My mother pressed her hand to her mouth, but there was a light in her eyes. All sorts of emotions crossed her face. Horror. Guilt, maybe. Regret.
And then she shot into action.
“Get inside,” she told me, pressing her hands on my shoulders. “You’re not talking to anyone else about this. No one. We’ll do the talking for you. What you did, you did out of self-defense, but it’s better if people don’t even know about it. Okay, Eliza? Okay?”
Then the memories come to a screeching halt. My brain goes still and silent. I open my eyes and look around. Bill has sat me down on a chaise inside the pool area. The water is flat, untouched glass. I can hear a Taylor Swift song lilting from the Dr. Roxanne set.
I have to stand. I have to move. I jiggle my legs and arms wildly, hoping to shake the memories free. I need to get rid of this brain, rid of myself. That I have forgotten something so huge, so devastating, seems like a crime in itself. I rise and stagger away from Bill, half-blind.
“Eliza?” I hear Bill calling out. “Eliza, what are you—”
And then I see it: a rippling, blue, welcome respite. I tumble toward it, arms wheeling around, and then I leap. The space between ground and water is lovely. I wish I could open my arms and fly.
As soon as I hit the water, the pain inside me begins to dull. The voices stop, the memories subside. I open my eyes and enjoy the blue bubbles. I give in to sinking. My lungs start to give out, but something inside me tells me that I just need to wait.

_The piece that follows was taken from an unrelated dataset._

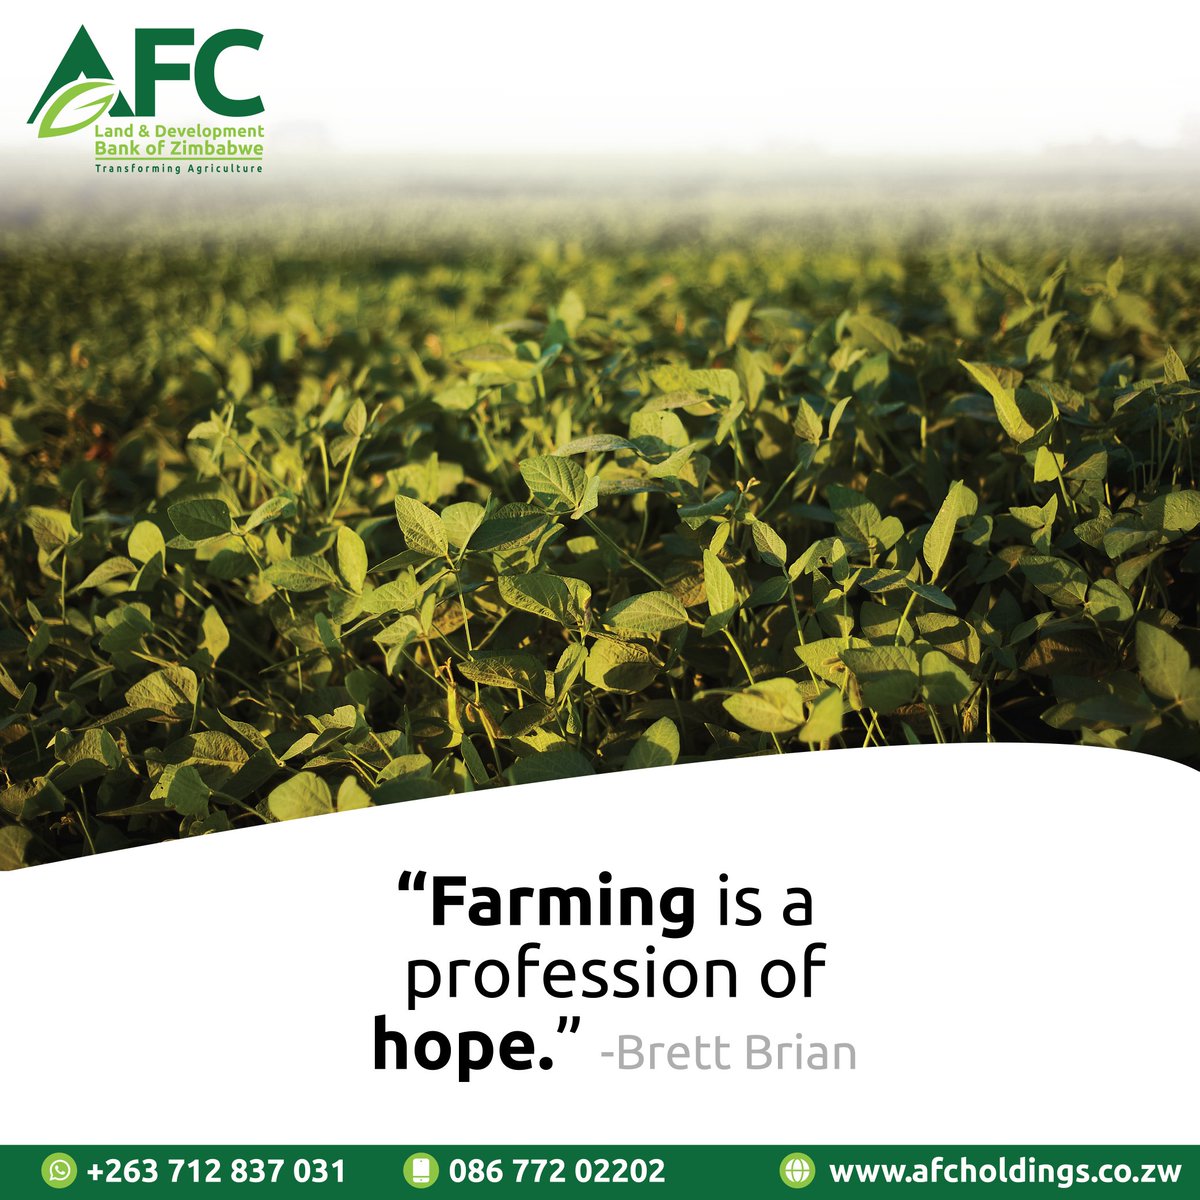 #TransformingAgriculture Through AFC Land  & Development Bank

It will feel bad, but then it will get better.
And then the pain will be gone.
From The Dots
That same evening, Dot felt drunk as soon as she opened her eyes. The room wobbled vertiginously, and her stomach burned with acid. She was in her old bedroom at her parents’ house. She couldn’t quite remember how she’d gotten here.
Something was happening outside the house. She pushed back the curtain on her window. A police car rolled into the driveway.
She cracked open the bedroom door and listened as an officer stepped into the foyer and talked to her mother. The cop said Dorothy’s name. Dot’s throat tightened, everything she’d done tumbling back to her. This was it. She had to confess.